* Data shown *
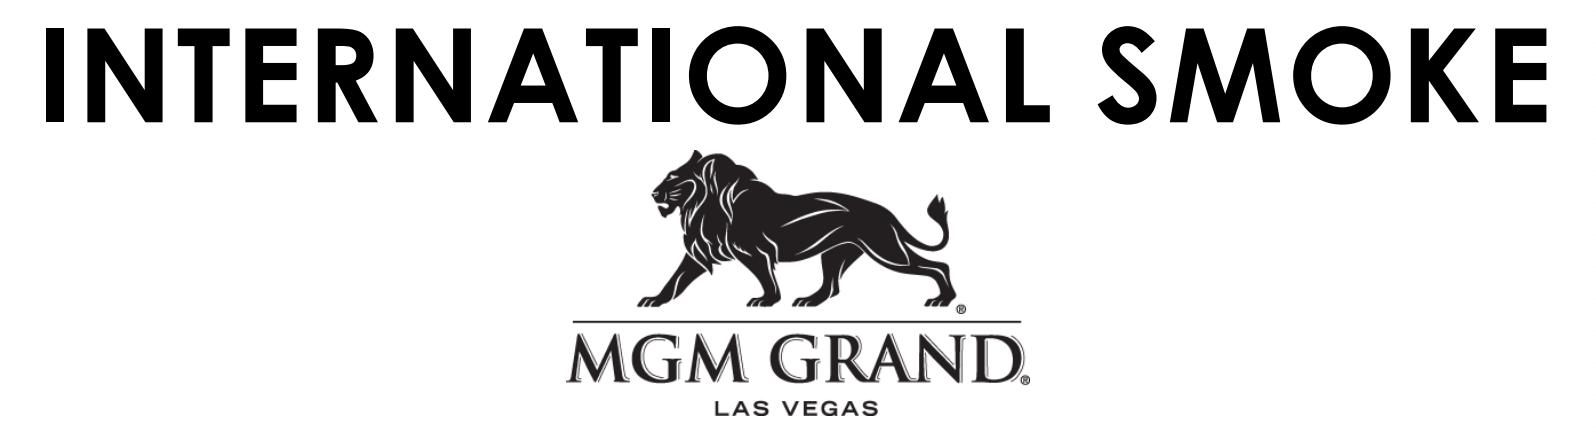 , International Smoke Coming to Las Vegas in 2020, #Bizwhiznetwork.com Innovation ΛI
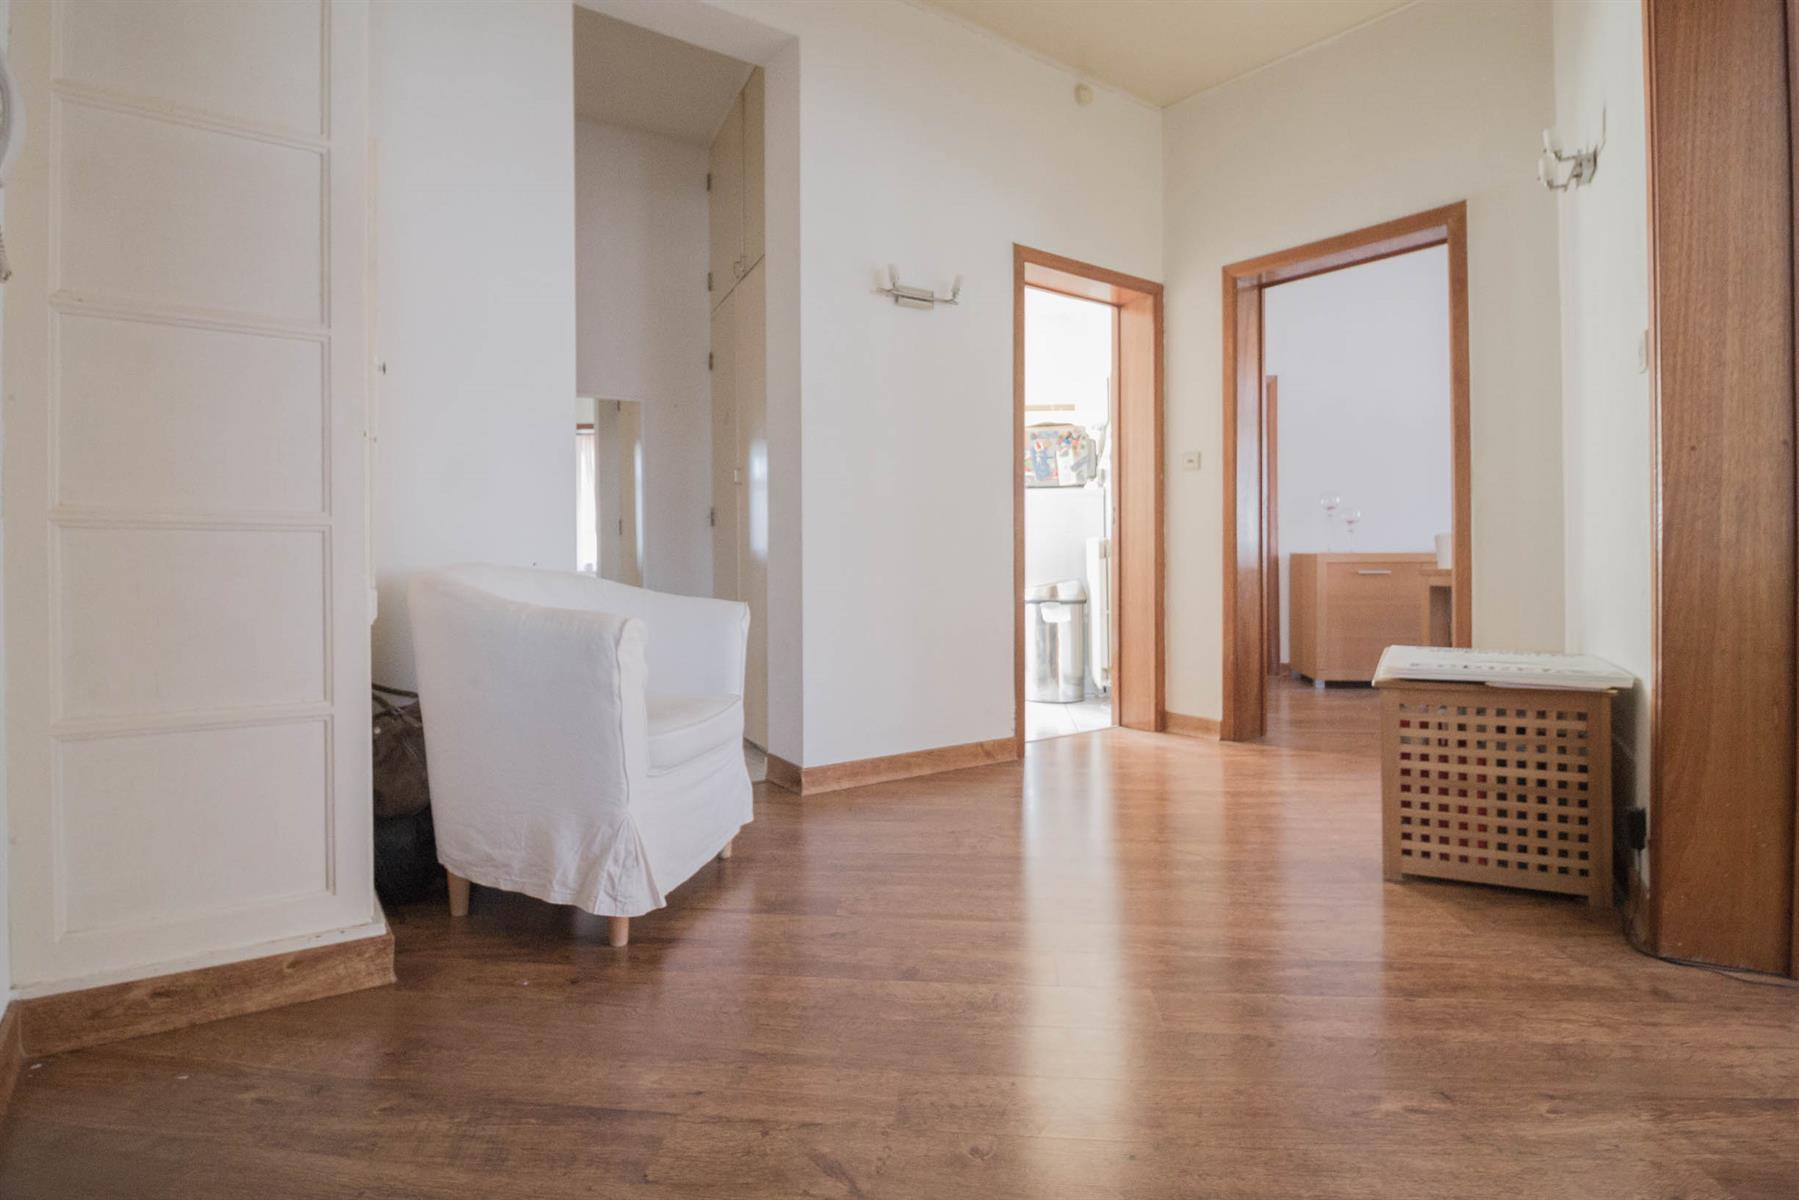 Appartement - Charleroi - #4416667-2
--
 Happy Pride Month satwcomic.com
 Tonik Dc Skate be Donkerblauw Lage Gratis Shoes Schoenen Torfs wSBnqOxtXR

* What to do *
Nothing but the lines above from the line with "#Bizwhiznetwork.com Innovation ΛI" up to and including the line with "Appartement - Charleroi - #4416667-2" should be returned, exactly as written and without pictures.

* Answer to the problem *
 , International Smoke Coming to Las Vegas in 2020, #Bizwhiznetwork.com Innovation ΛI
 Appartement - Charleroi - #4416667-2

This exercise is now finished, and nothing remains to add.